What are the implications of the Rs 557 crore Mahira Group asset attachment?

Synopsis
Key Takeaways
- ED provisionally attached assets worth Rs 557.43 crore in the Mahira Group case.
- Investigation initiated based on FIRs for cheating and forgery.
- Over Rs 616 crore collected from homebuyers for projects that were not delivered.
- Key figures involved include Sikandar Singh and former MLA Dharam Singh Chhoker.
- Ongoing investigations are expected to reveal more details.
New Delhi, June 28 (NationPress) The Enforcement Directorate (ED) has provisionally attached assets estimated at around Rs 557.43 crore in a significant operation targeting a real estate scam linked to Mahira Group companies.
This action, executed under the Prevention of Money Laundering Act (PMLA), encompasses 35 acres of both residential and commercial properties in crucial sectors of Gurugram as well as fixed deposits totaling approximately Rs 97 lakh.
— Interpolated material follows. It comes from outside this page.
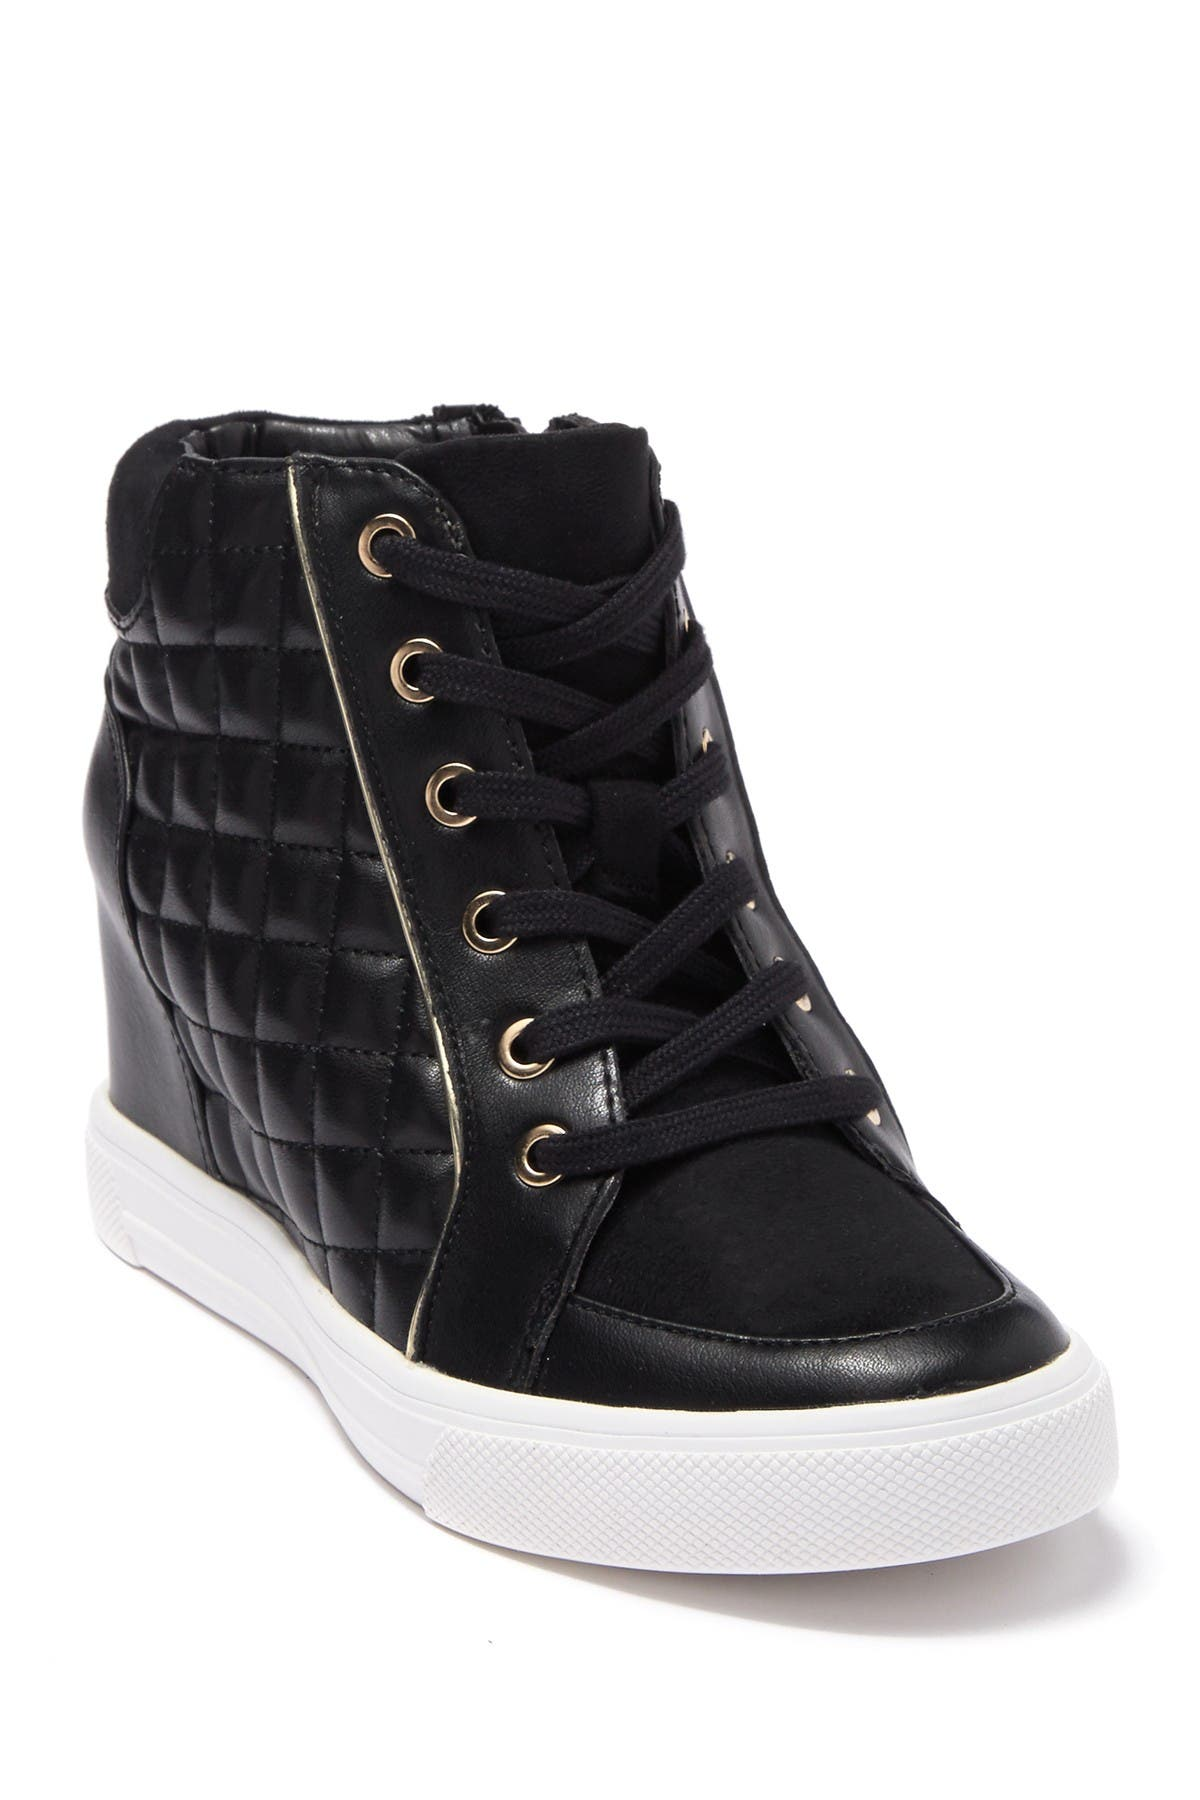 Aldo | Nebrina Wedge Sneaker

The case involves Mahira Infratech Pvt Ltd (previously known as Sai Aaina Farms Pvt Ltd), Mahira Buildtech Pvt Ltd, and Czar Buildwell Pvt Ltd. The ED's investigation commenced following multiple FIRs filed by the Gurugram Police concerning allegations of cheating and forgery. These companies are accused of submitting forged documents, including counterfeit bank guarantees, to secure licenses for affordable housing projects in Sectors 68, 103, and 104 of Gurugram.
Over Rs 616 crore was raised from approximately 3,700 homebuyers for these projects, which were never delivered. Instead, the funds were misappropriated, with money being siphoned off through inflated construction costs and fraudulent invoices from associated companies.
The investigation unveiled that the diverted funds were funneled to other group firms as long-standing loans and for personal benefit by the company's directors and promoters.
The ED stated, "The investigation disclosed that the company misappropriated funds by inflating construction costs through fake invoices from affiliated entities. The money was redirected for personal use by the company's directors and promoters."
"Moreover, funds from homebuyers were also transferred to other group entities as loans, which have remained unpaid for years," they added.
Earlier asset attachments in this case on February 15, 2024, and March 26, 2025, were appraised at Rs 81.07 crore.
Key figures such as Sikandar Singh (promoter of Mahira Group), former MLA Dharam Singh Chhoker, and Vikas Chhoker are being scrutinized. Singh was arrested in April 2024, while Chhoker, who had been evading arrest despite six Non-Bailable Warrants, was captured in May this year.
Vikas Chhoker remains at large, and a proclamation has been issued against him by the Special Court in Gurugram, where the case is currently under trial.
The ED has lodged a prosecution complaint, and the court has acknowledged it. The investigation is ongoing, with further developments anticipated as authorities delve deeper into the scam that has left thousands of homebuyers in distress.